System 100 may include one or more internal servers 120 to provide additional computational capacity for system 100. Internal server 120 may be connected to the industrial edge devices via internal network 116.

The disclosed systems and methods may reduce/eliminate the local server requirements (e.g., internal servers 120) by improving the utilization efficiency of the computational capacity available at the industrial edge devices (e.g., devices 104, 108, 112). This can /duce/ eliminate the infrastructure requirements (e.g., space, power, cooling, etc.) and/or maintenance costs associated with the local servers. Further, the disclosed systems and methods may improve system resilience by distributing computational tasks among multiple industrial edge devices and eliminate any single point of failures associated with the local servers. Additionally, the disclosed systems and methods may reduce system latency by allocating computational tasks to industrial edge devices that are local to points of data generation and/or data utilization.

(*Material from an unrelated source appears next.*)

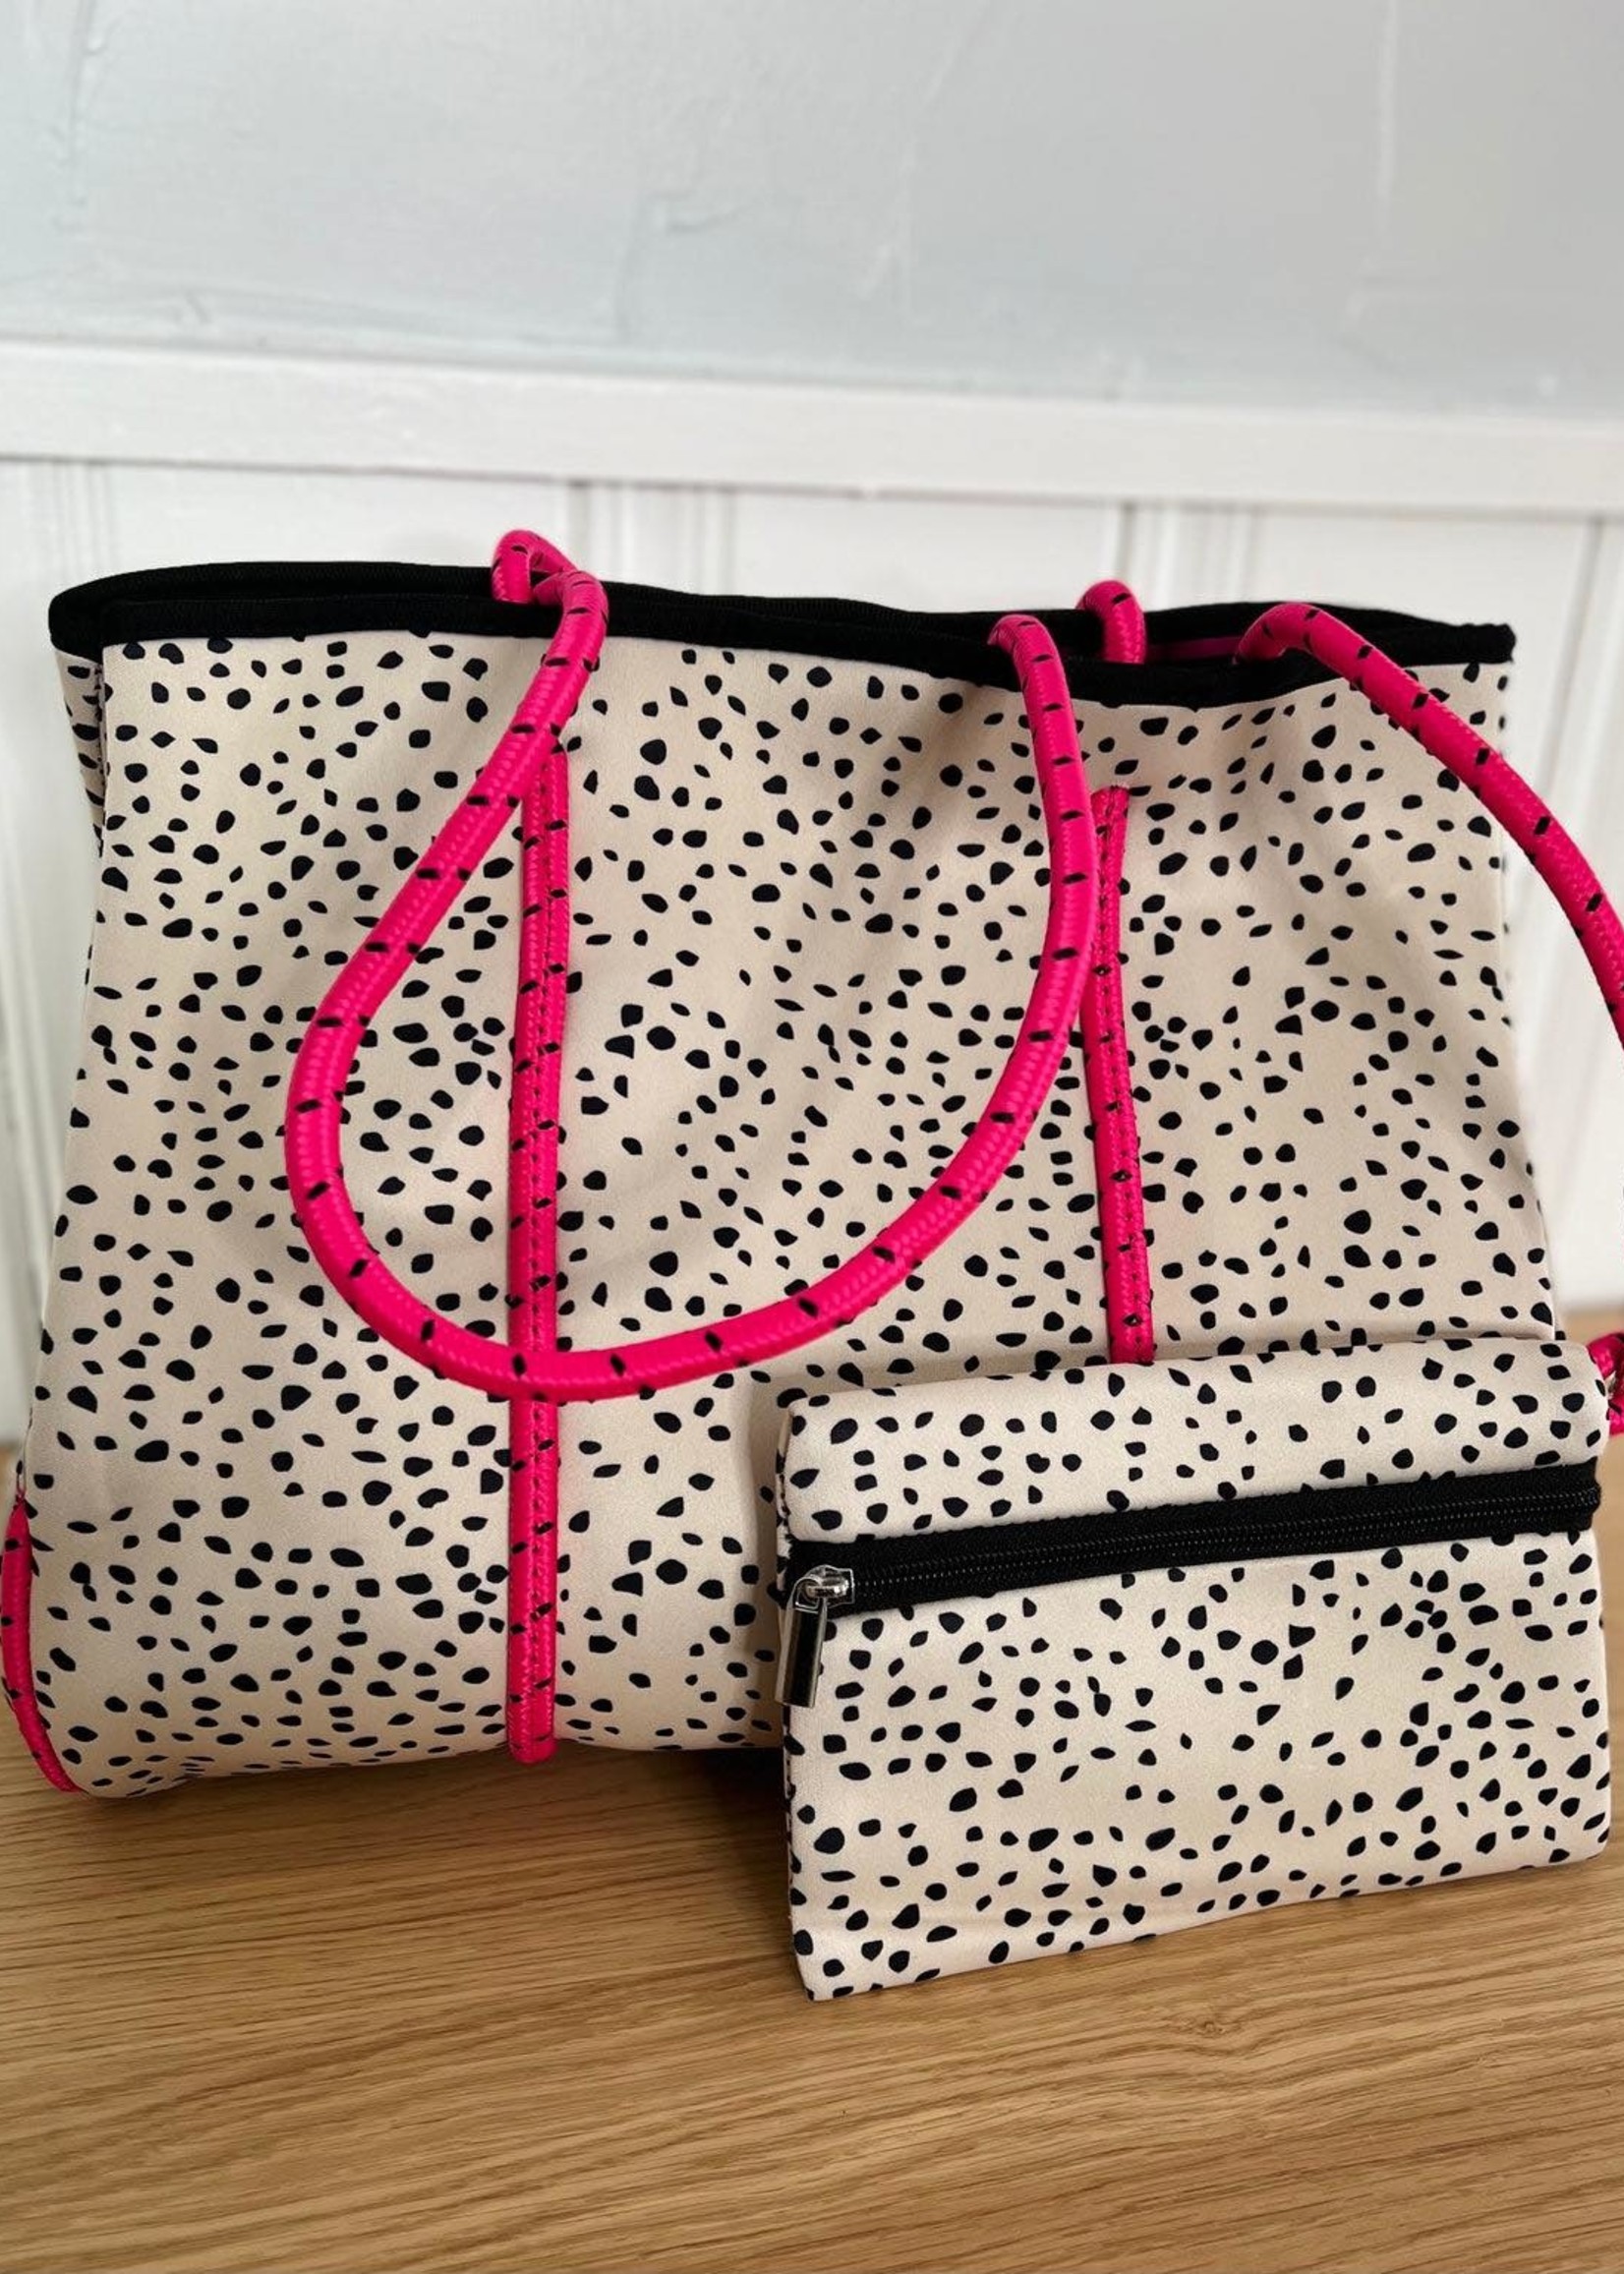 Dalmation and pink neoprene bag

Furthermore, many industrial applications may utilize off-premise servers to provide the total required computational capacity for various industrial and manufacturing processes. In the illustrated example embodiment, system 100 may include one or more external servers 124, located in an external network environment 136, to provide additional computational capacity for system 100. External servers 124 may be connected to the industrial edge devices via an external network 128.

The disclosed systems and methods may reduce/eliminate the off-premise server requirements by improving the utilization efficiency of the computational capacity available at the industrial edge devices (e.g., devices 104, 108, 112). This can enable improved data security and/or privacy by removing risks/vulnerabilities associated with the off-premise servers and/or external network connections. Further, the disclosed systems and methods may reduce/eliminate the costs associated with the off-premise servers (e.g., external servers 124). Additionally, the disclosed systems and methods may reduce system latency by avoiding delays associated with utilizing external networks (e.g., external network 128) to access the off-premise servers.

Referring to FIG. 2, there is shown an industrial system 200 that includes one or more industrial edge devices 204. Industrial edge devices 204 may include any suitable industrial edge devices. For example, industrial edge devices 204 may include mobile robots (e.g., self-driving industrial vehicles, drones, humanoids, mobile manipulators), fixed robots, motion control devices, factory controllers (e.g., programmable logic controllers (PLCs) running on commodity hardware, also referred to as soft PLCs), mobile sensing devices (e.g., devices for manual forklift tracking/dispatching equipment), fixed sensing devices (e.g., smart cameras), and/or worker devices (e.g., barcode scanners, head mounted displays).

Industrial system 200 may further include enterprise resource planning (ERP) 208, manufacturing execution system (MES)/warehouse execution system (WES) 212, a physical orchestrator 216, one or more fleet management systems 220, one or more monitoring devices 224, and a virtual orchestrator 228.

Physical orchestrator 216 may include any suitable combination of software and/or hardware device that allocates one or more industrial tasks for execution to industrial edge devices 204. For example, physical orchestrator 216 may include a processor and a memory that stores computer programs that are executable by the processor to perform the functions provided by physical orchestrator 216. Physical orchestrator 216 may further include a communication interface to enable network communication with other components of system 200.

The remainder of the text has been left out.